So far I only focused on simple constraints like the number of Pokémon in the team, which are linear and easy to visualize graphically, but we are going to be a bit more ambitious than that! Of course, in a LP, all constraints must be linear. For type-based constraints, let’s denote by $t_{An}$ the matrix entry containing the damage factor of type $A$ against Pokémon $n$ . The constraint 2. is equivalent to the statement $\min_n(x_n t_{An}) \leq 0.5$ (this means at least one selected Pokémon is resistant to this type). But here comes the difficulty! The operation $\min{}$ is not linear. Thankfully there is a trick for this situation using auxiliary decision variables $y_{An} \in \{0, 1\}$ . Take this system of constraints: ¹

\begin{align*} x_n t_{An} + M \times (y_{An} - 1) & \leq 0.5 \text{ with } M \gg 1~, \\ \sum_n y_{An} & \geq 1~. \end{align*}

The second constraint basically means that for all $A$ , at least one of $y_{An}$ must be 1. Since $M$ is taken very large (compared to the other numbers), then whenever $y_{An} = 0$ , the first constraint is automatic. However, since $y_{An} = 1$ for some $n$ , then for that value $x_n t_{An} \leq 0.5$ . And voilà, the Pokémon will be resistant to the type $A$ !

There is one tiny flaw in this method. Whichever Pokémon sets $y_{An} = 1$ might not be one of the selected Pokémon. What we want is not only that $y_{An} = 1$ but also that $x_n = 1$ at the same time (so either both 1 or both 0). To make this happen, we need more auxiliary decision variables $z_{An}$ with the constraints:

\begin{align*} z_{An} & \leq x_n~,\\ z_{An} & \leq y_{An}~,\\ z_{An} & \geq x_n + y_{An} - 1~. \end{align*}

This might sound complicated at first, but we can very easily summarize the possible values of each variable in the following table

$x_n$	$y_{An}$	$z_{An}$
0	0	0
0	1	0
1	0	0
1	1	1

When either variable is 0, then the first two constraints impose that $z_{An} = 0$ and the last one is automatic. But if both variables are 1, the last constraint imposes that $z_{An} = 1$ . So really $z = x \land y$ (logical AND operation). That’s great, this means that if we replace the condition $\sum_n y_{An} \geq 1$ by $\sum_n z_{An} \geq 1$ , then the Pokémon which will be resistant to type $A$ will also be in the team!

Getting our hands dirty with PuLP

After the theory comes some practice!
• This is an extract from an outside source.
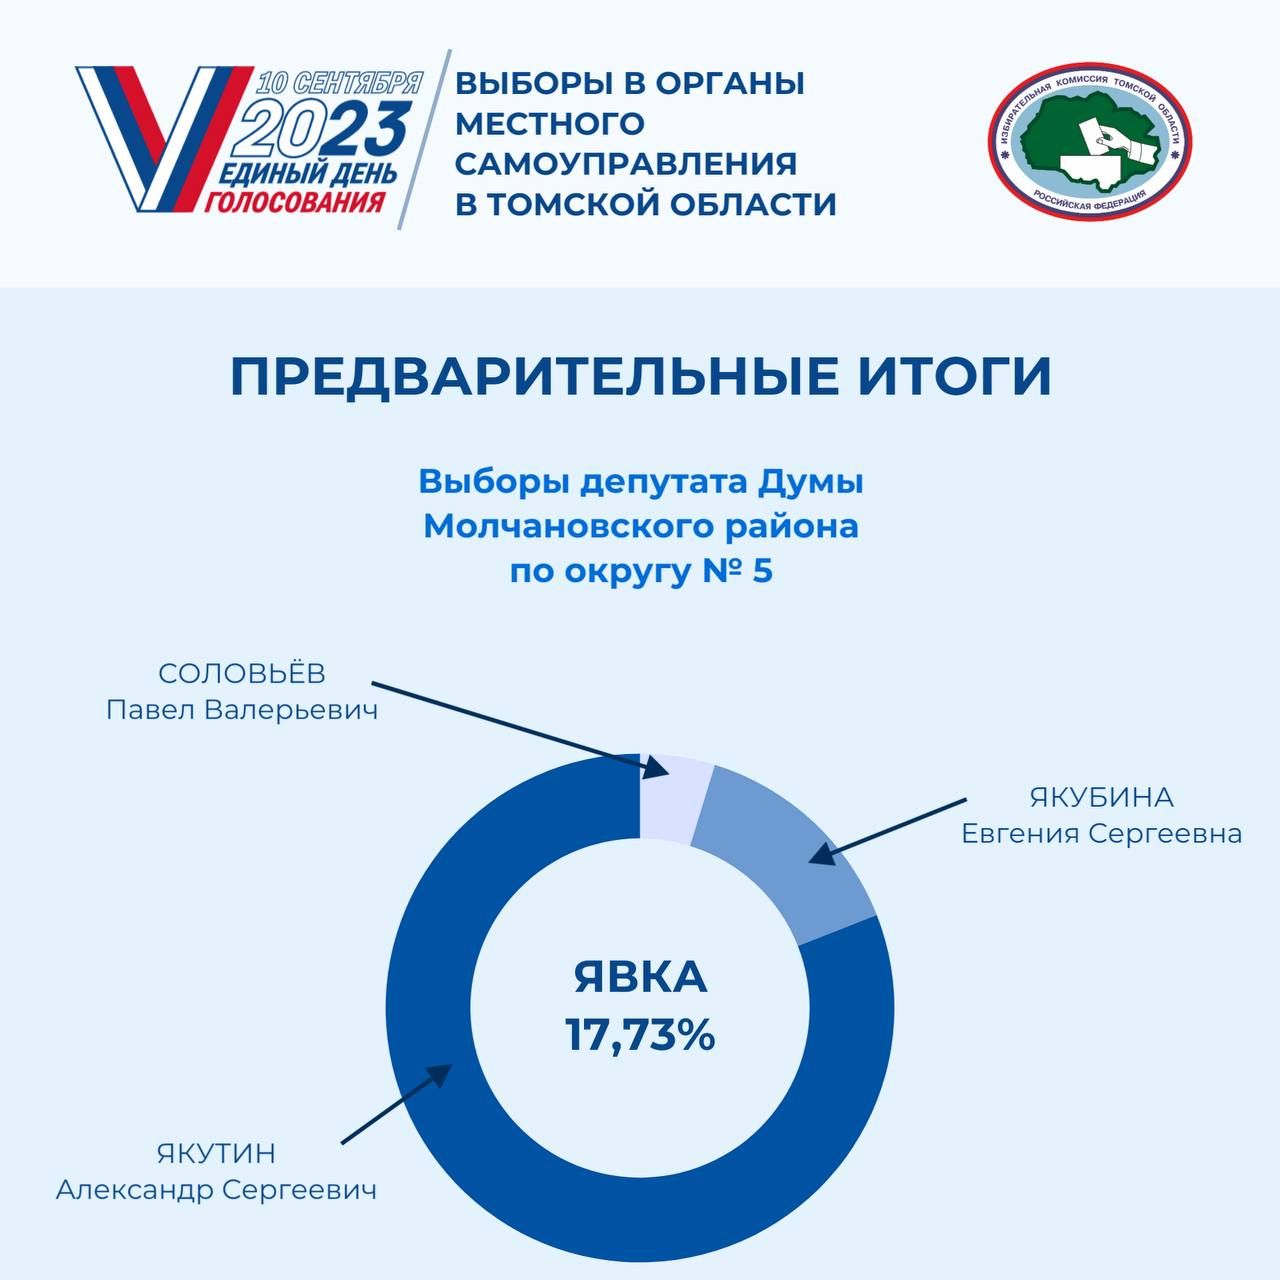 Подведены предварительные итоги голосования на муниципальных выборах в Томской области.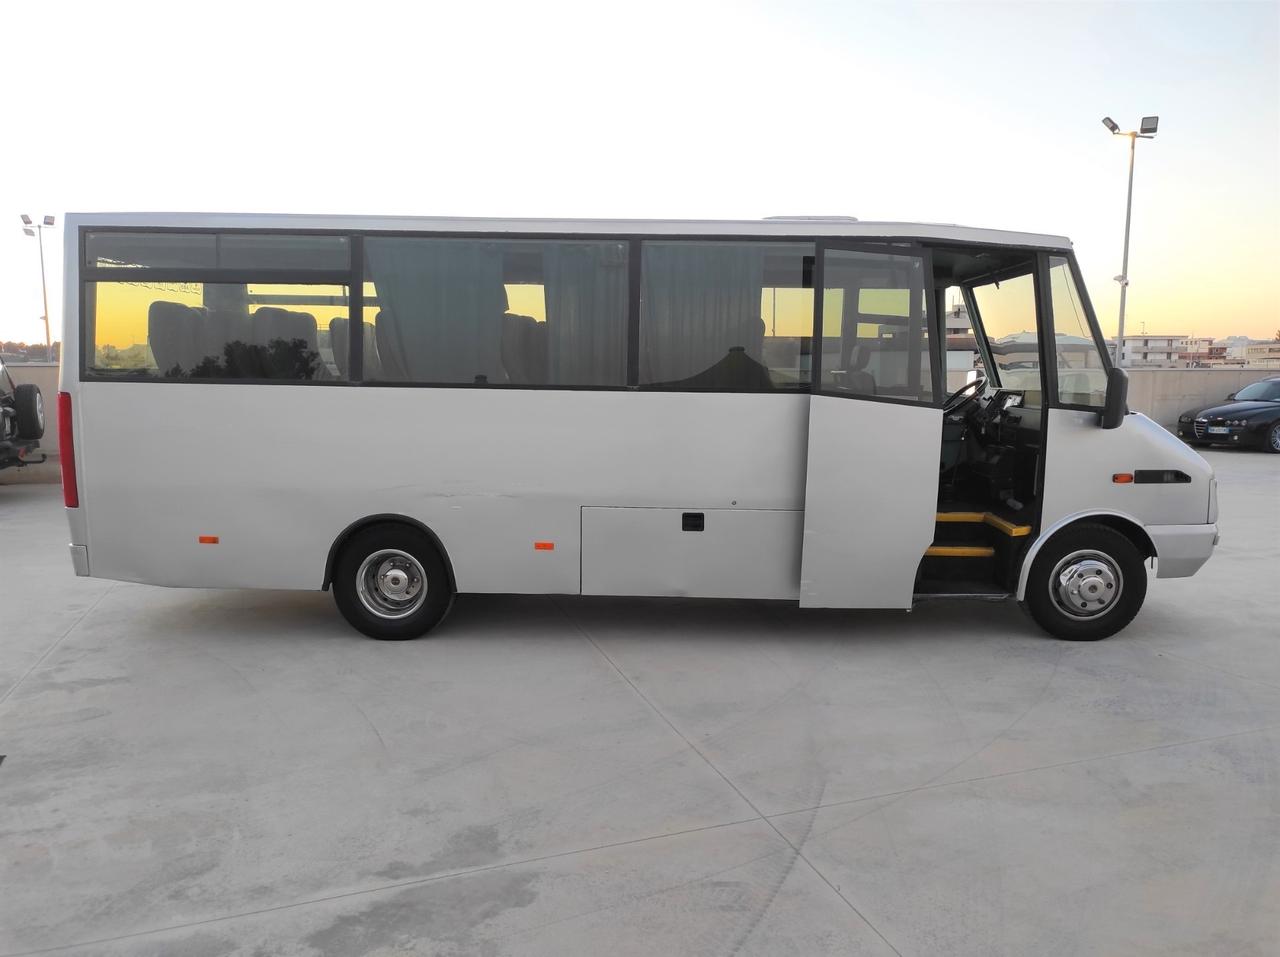 Iveco Minibus 25 POSTI - 2.5 Diesel 115cv

In this section, I’ll show you briefly how to actually solve the model we just defined. For this I used the Python library PuLP but I can also recommend Google’s excellent OR-tools library.

Of course, the first thing you need for this project is a dataset of Pokémon data with all the necessary information to use in the constraints. I chose this one from Kaggle. To define a maximization problem and its decision variables, all you need to do is

import pulp

def solve_pokemon_team(number_pkmn: int, number_types: int, types_matrix: list[list[float]], pkmn_base_stat: list[int]):
    prob = pulp.LpProblem("Pokemon_Team_Optimization", pulp.LpMaximize)

    # Define the boolean variables
    x = pulp.LpVariable.dicts("x", range(number_pkmn), cat="Binary")
    y = pulp.LpVariable.dicts("y", (range(number_types), range(number_pkmn)), cat="Binary")
    z = pulp.LpVariable.dicts("z", (range(number_types), range(number_pkmn)), cat="Binary")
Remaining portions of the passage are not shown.